# Q-1. (A)Your broker offers to

Q-1. (A)Your broker offers to sell you some shares of Bahnsen & Co. common stock that
paid a dividend of \$3.5 yesterday. Bahnsen’s dividend is expected to grow at 10%, 12%
and 18% per year for the next 3 years respectively. If you buy the stock, you plan to
hold it for 3 years and then sell it. Bahnsen’s beta is β = 1.8, risk free rate is RF = 6.5%
and risk-premium on market is RPM = 7%.
i. Find the expected dividend for each of the next 3 years.
ii. Given that the first dividend payment will occur 1 year from now, find the present
value of the dividend stream and then sum these PVs.

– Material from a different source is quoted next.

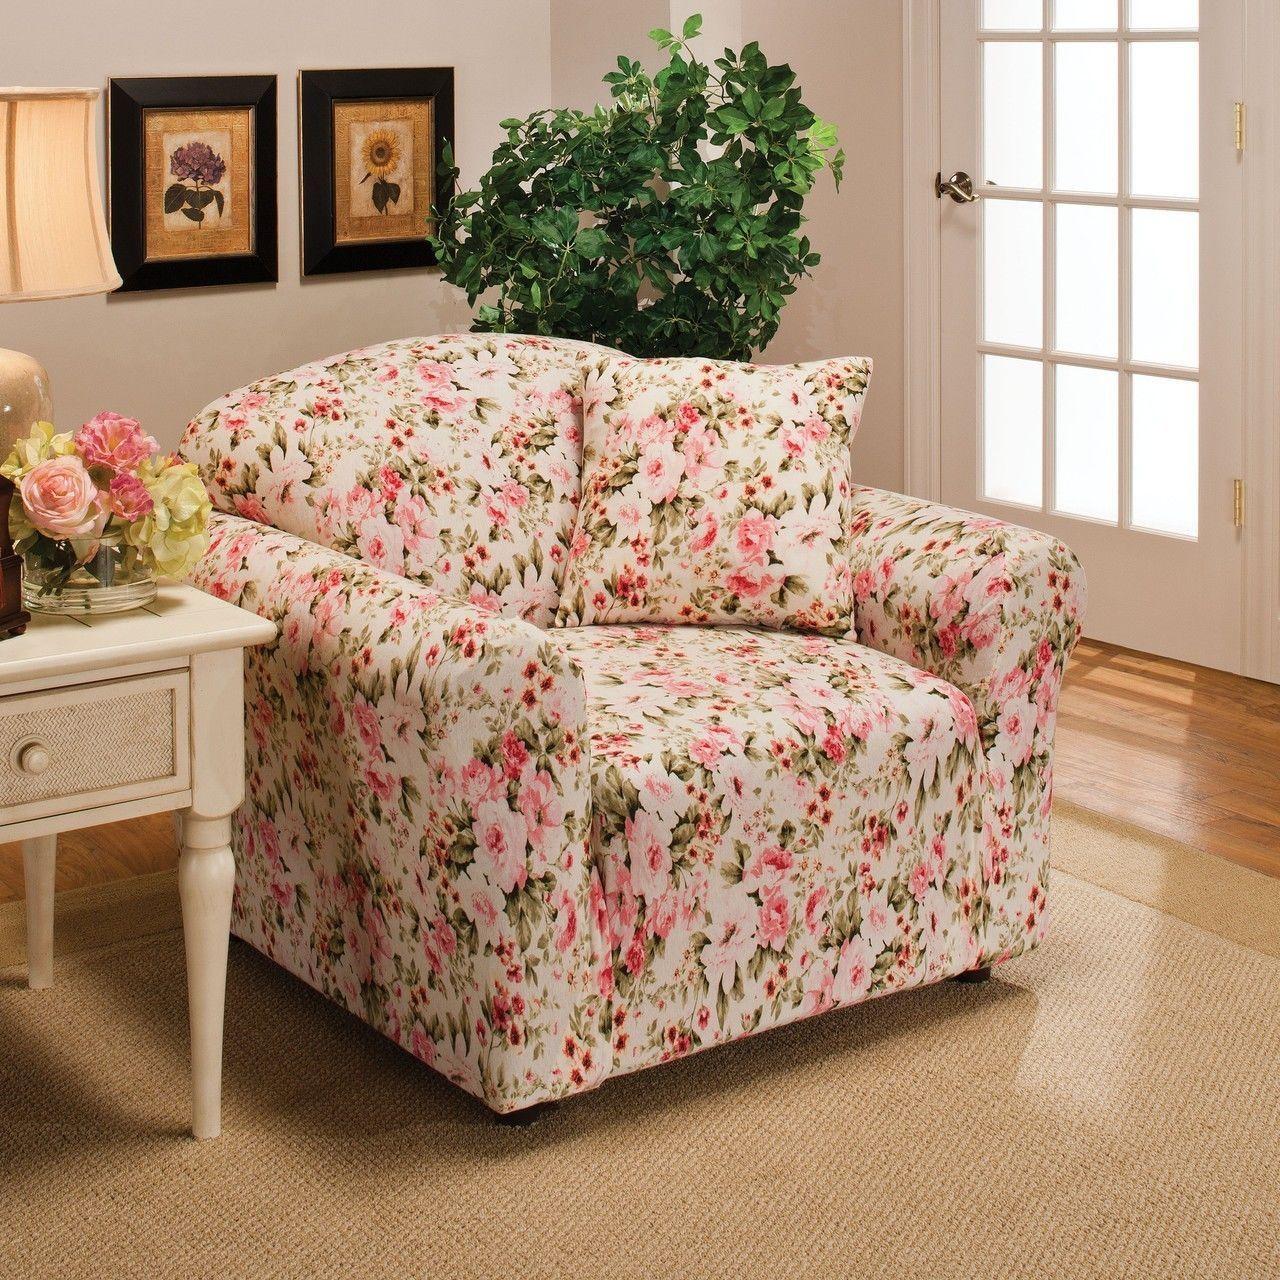 flower sofa covers sleeper mattress reviews 20 inspirations floral slipcovers ideas

iii. You expect the price of the stock 3 years from now to be \$65.00. Discounted at a
required rate of return, what is the present value of this expected future stock price?
iv. If you plan to buy the stock, hold it for 3 years, and then sell it for \$65.00, what is the
most you should pay for it today?
v. Using constant dividend growth model, calculate the price of this stock today. Assume
that g is 8% and that it is constant.
vi. Is the value of this stock dependent upon how long you plan to hold it? In other words,
if your planned holding period was 2 years or 5 years rather than 3 years, would this
affect the value of the stock today? Explain.